* _Exercise requirements_
For this exercise, please transcribe exactly and only the lines from the one containing "Laneway Housing Advisors" through the end of the material, both ends included, without pictures.

* _Collected material_
__________________________________________________

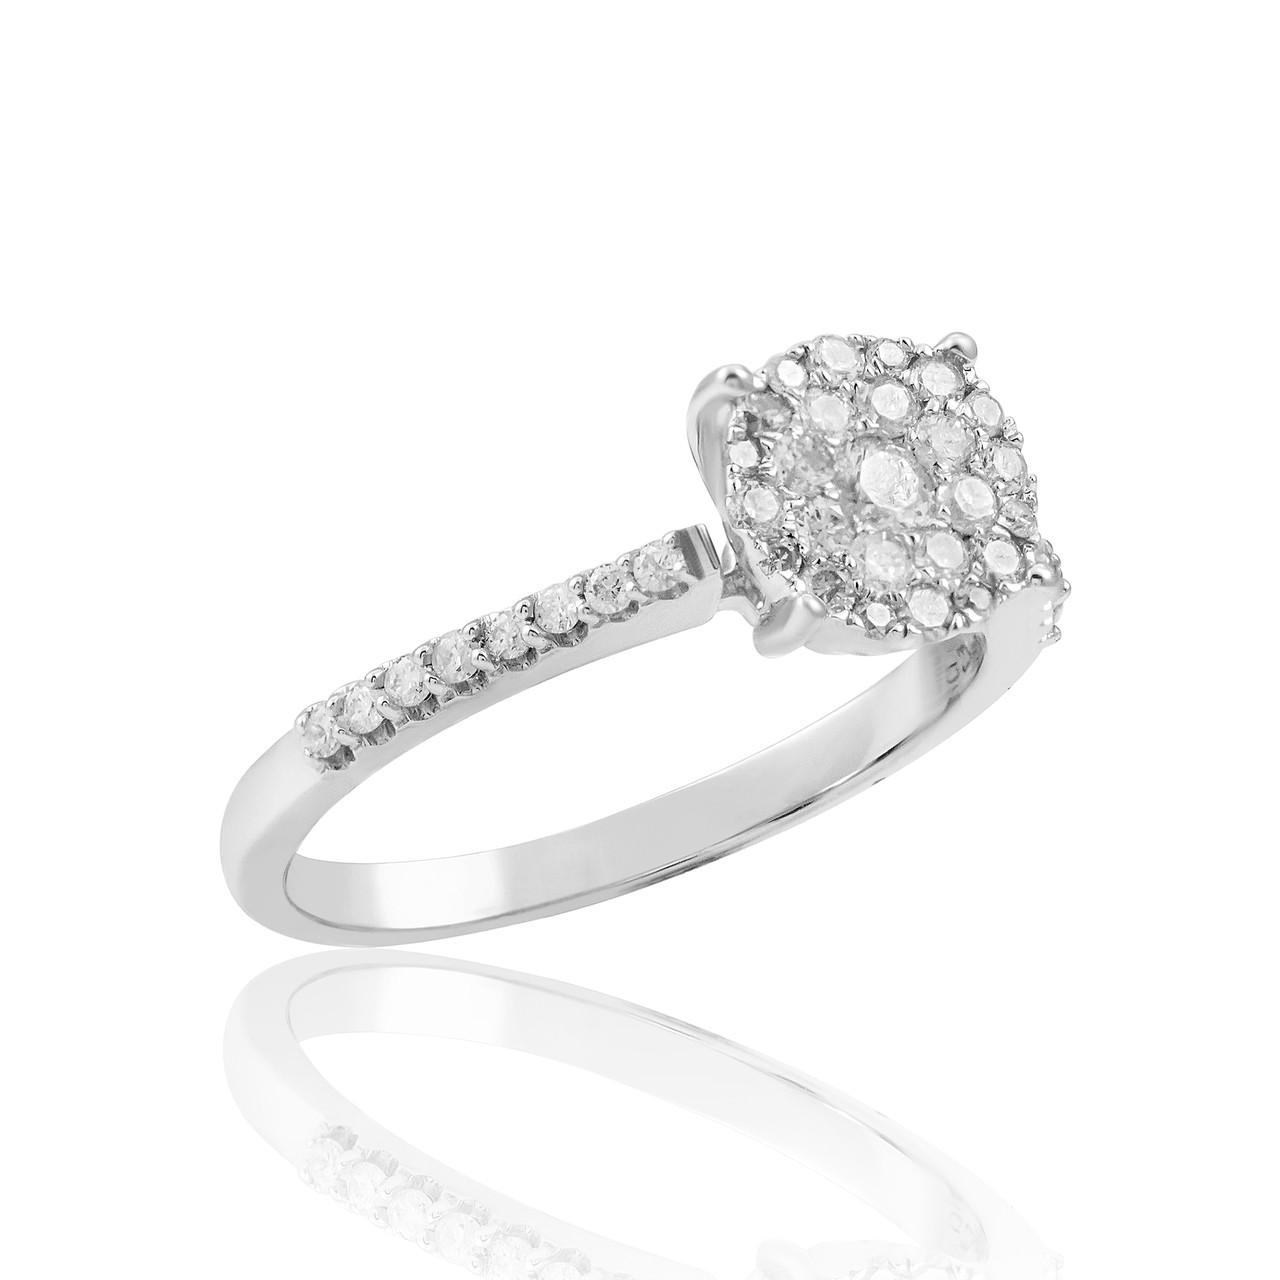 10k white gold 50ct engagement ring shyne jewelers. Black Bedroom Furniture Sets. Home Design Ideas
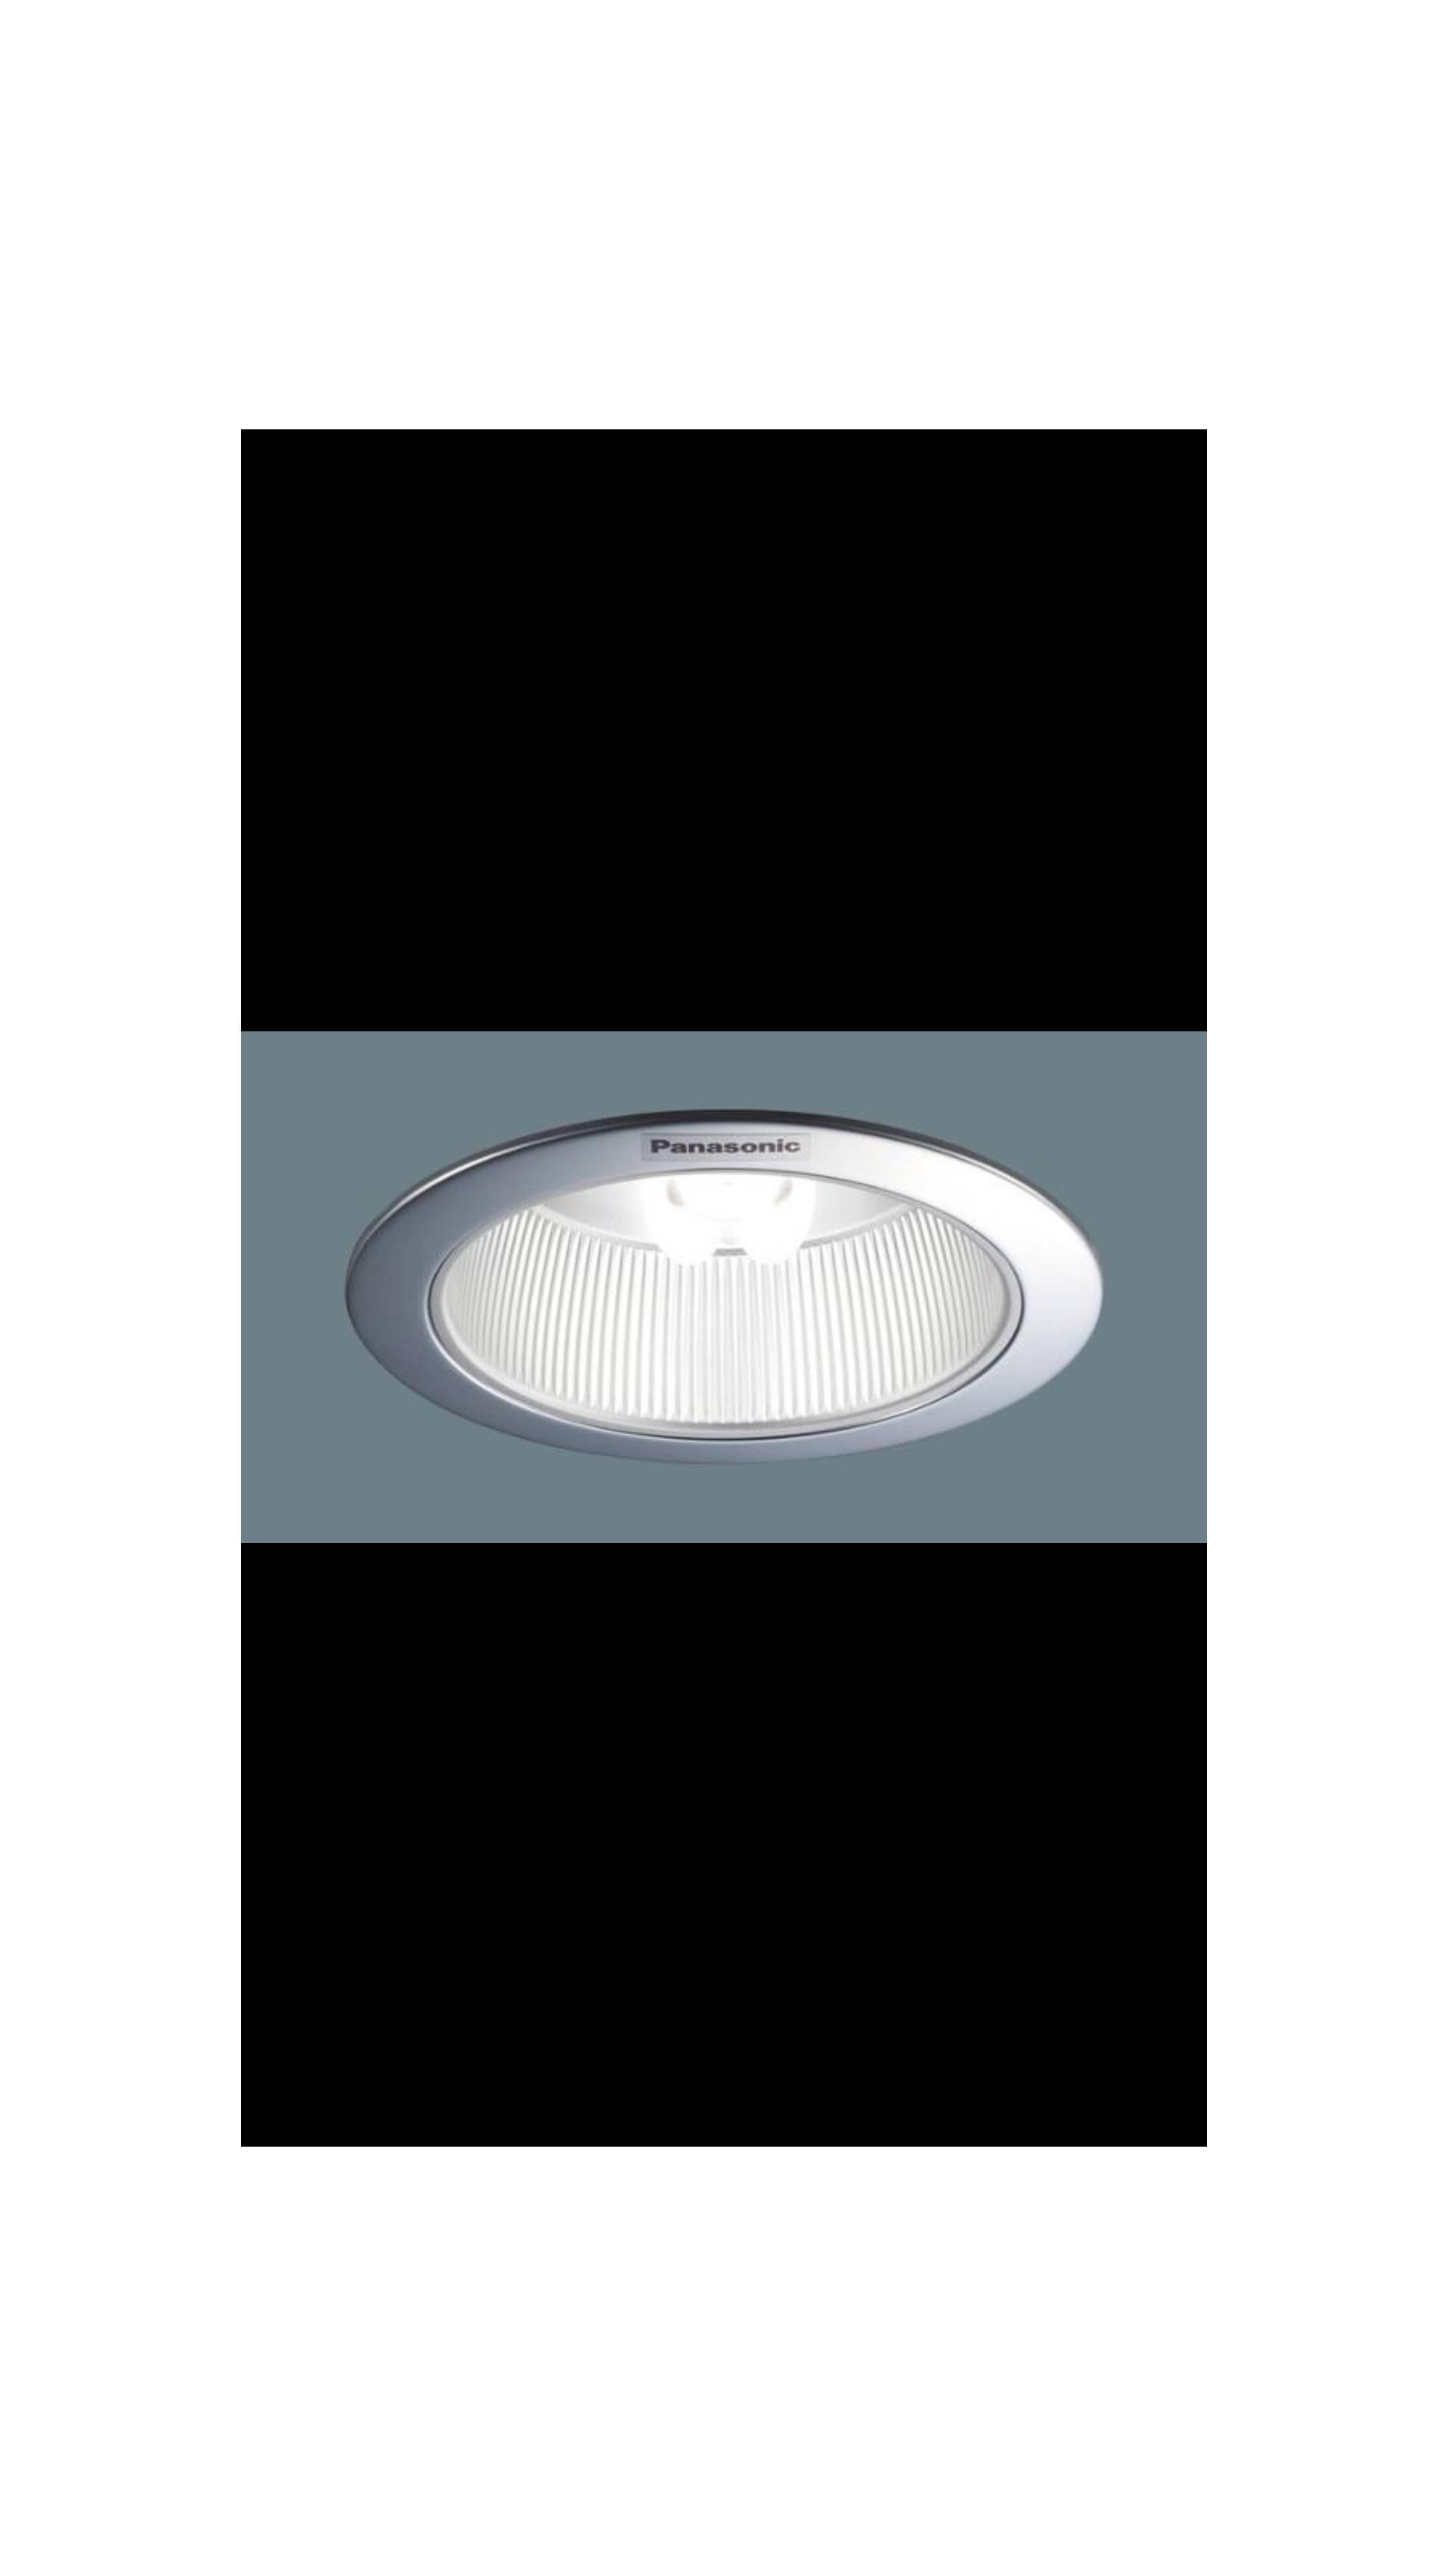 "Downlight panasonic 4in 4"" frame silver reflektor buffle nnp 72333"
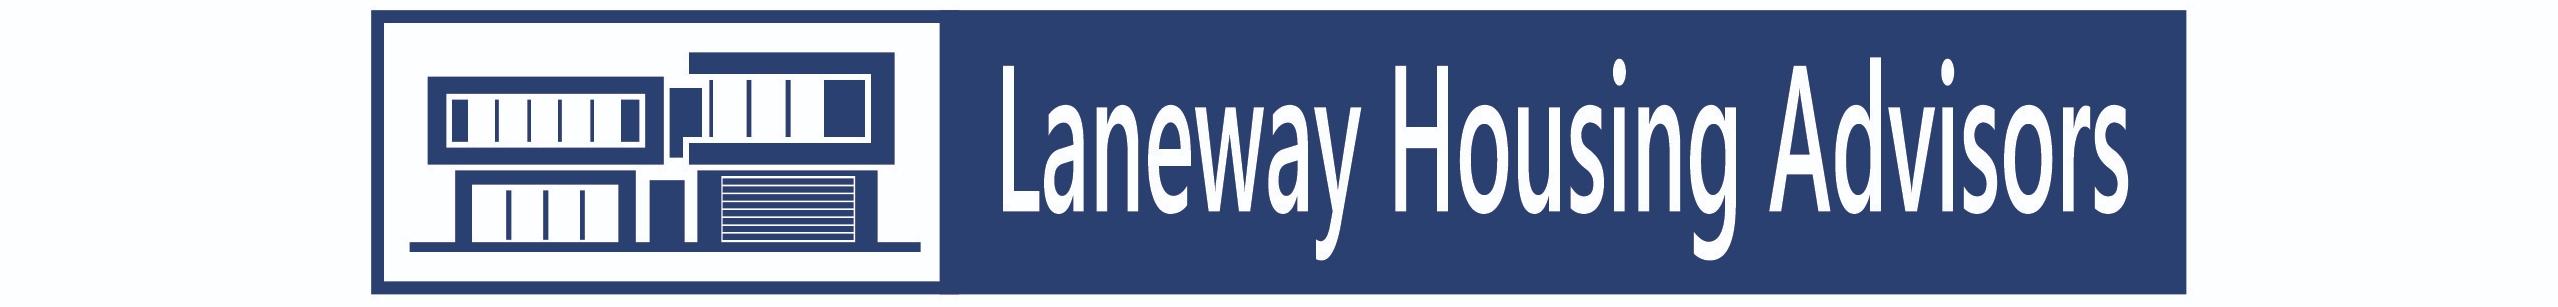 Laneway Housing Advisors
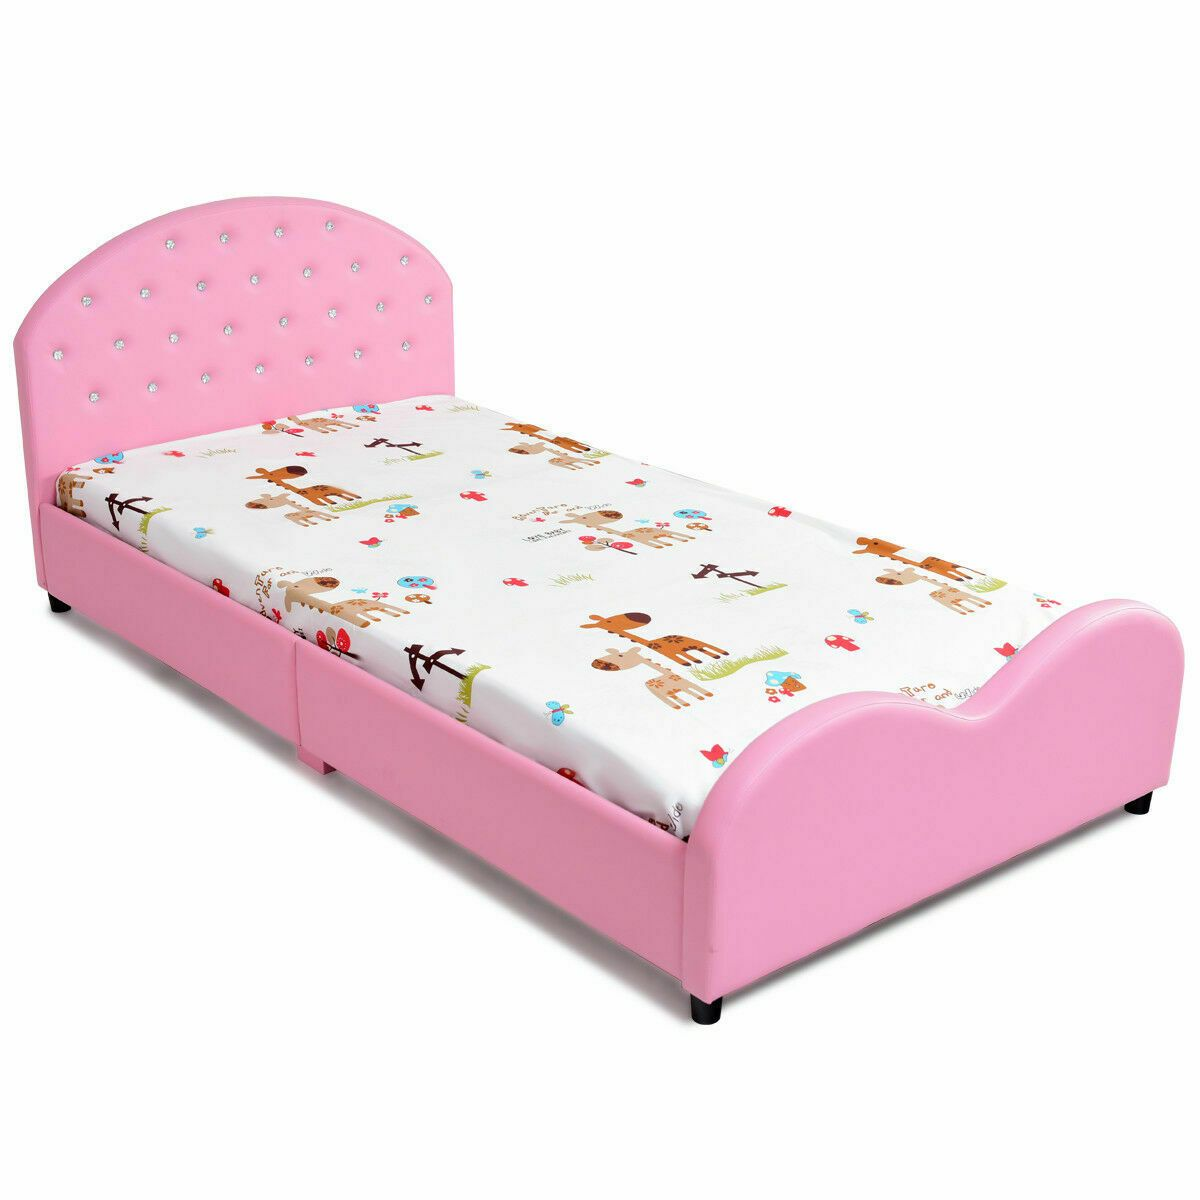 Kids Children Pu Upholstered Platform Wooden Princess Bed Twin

__________________________________________________

* _Solution for this problem_
 Laneway Housing Advisors
 Kids Children Pu Upholstered Platform Wooden Princess Bed Twin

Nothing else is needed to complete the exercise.